The idea for a piezoelectric-powered pacemaker, which generates electricity in response to mechanical stress, comes from M. Amin Karami, an assistant professor of mechanical engineering at the University of Buffalo. He’s working on two prototypes, and tells IEEE Spectrum that he’s talking to device-makers about collaborating on a commercial product. “I would guess that in two years we will have the animal tests done, and be ready for human tests” as part of the FDA approval process, he says. 
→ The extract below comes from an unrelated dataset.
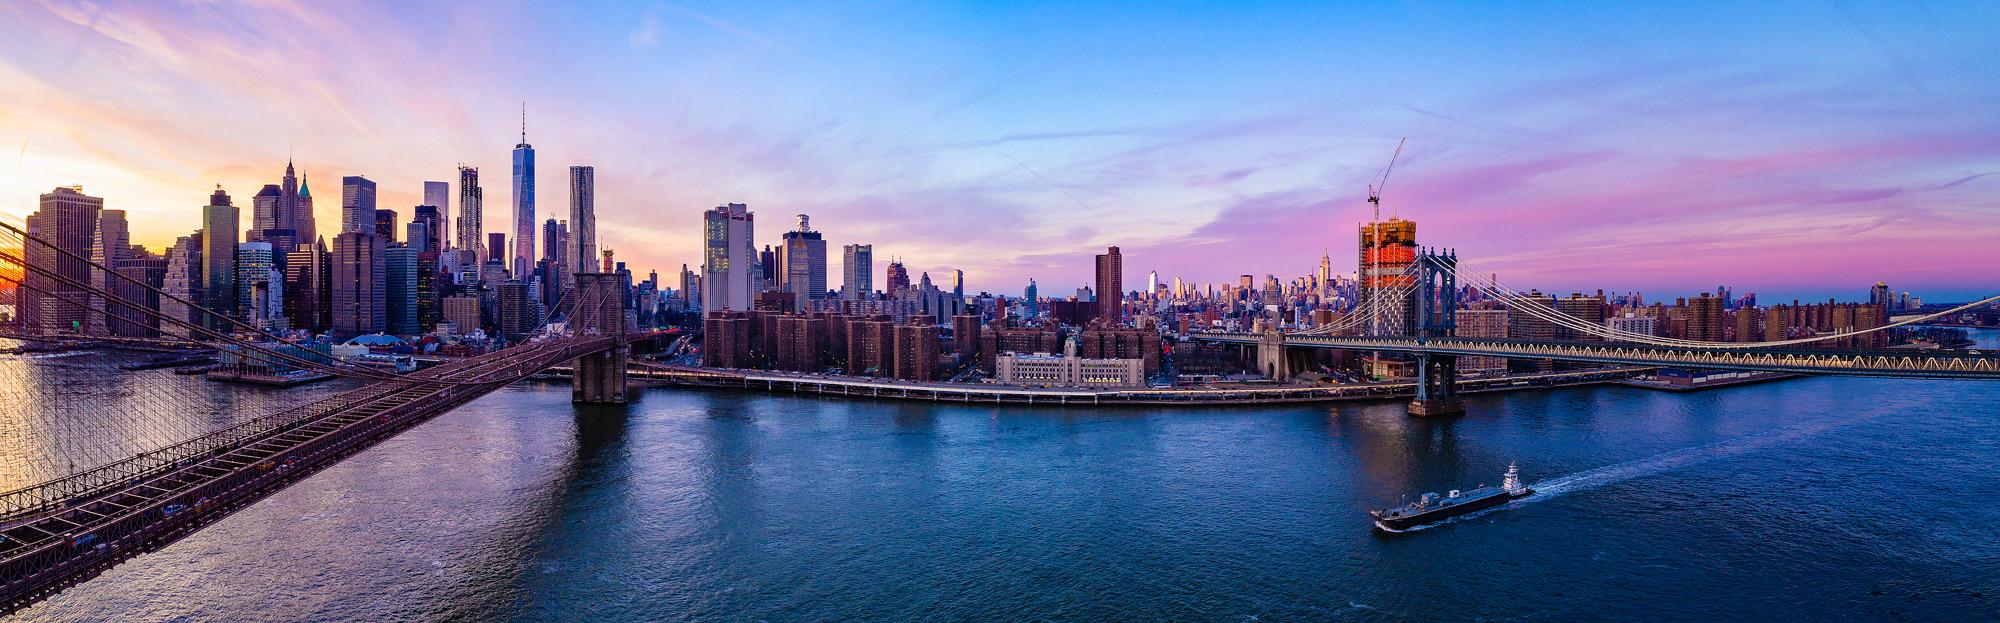 Manhattan Cityscape at Sunset

Today’s typical pacemaker is a small flat device that fits easily in the palm of a hand, yet it could be smaller still, Karami said earlier this month in a talk at the MD&M medical device conference. Only about 40 percent of a pacemaker consists of the pulse generator and related electronics, he said; about 60 percent is devoted to the battery. And because the battery eventually gives out, surgeons have to swap out the whole device every seven to ten years. Doing away with the battery would do away with the inconvenience, medical risks, and costs of those replacement surgeries, Karami said. 
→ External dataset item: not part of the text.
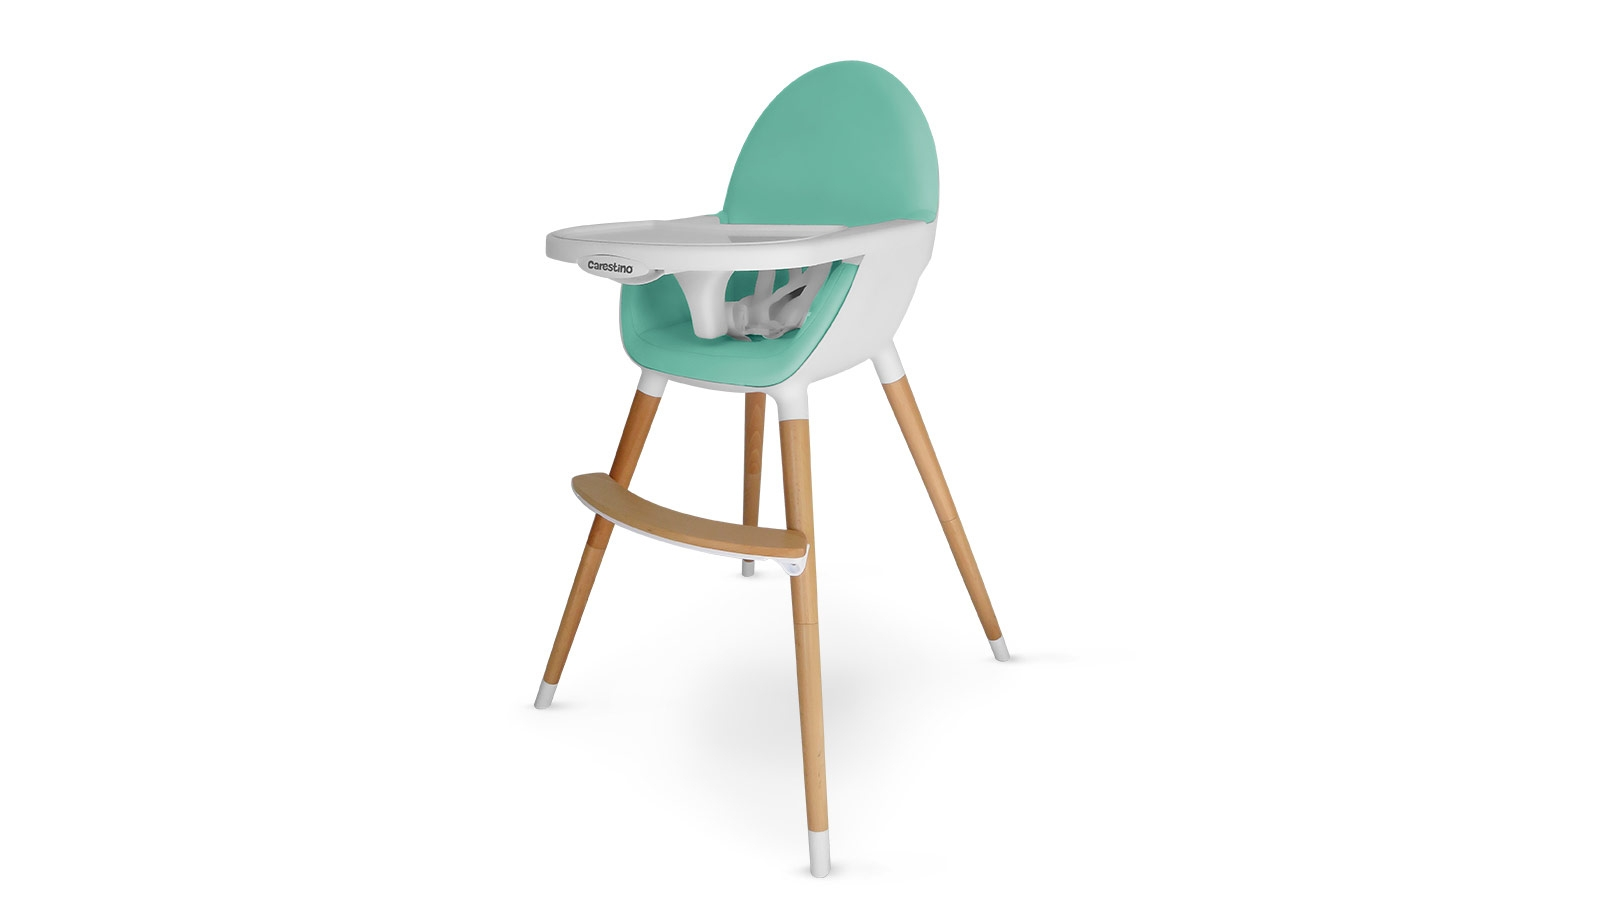 Carestino productos sillas sillas de comer silla de comer neo verde - Sillas de comer para bebes ...

Karami’s first design is for an energy-harvesting module that could replace the batteries on a conventional pacemaker, which sits in the chest cavity and connects to the heart via insulated wires called leads. His second idea takes the work a step further, and would power a tiny lead-less pacemaker that nestles inside the heart itself. Such miniature devices are just starting to make it to market in Europe. 

To power a conventional pacemaker, Karami designed a flat ceramic piezoelectric structure [pdf] that oscillates in response to the vibrations in the chest cavity, which are generated with every heartbeat. He has tested his device with heartbeat rates ranging from 7 to 700 beats per minute, and found that it generated more than enough power to keep a pacemaker running. 

But Karami told Spectrum that powering leadless pacemakers would be the best use of his technology. “Conventional pacemakers are a very mature technology,” he says. “But with leadless pacemakers, power is still a big challenge.” To design the piezoelectric power source for these tiny devices, Karami had to come up with a 3D structure that would fit inside the lozenge-shaped device. 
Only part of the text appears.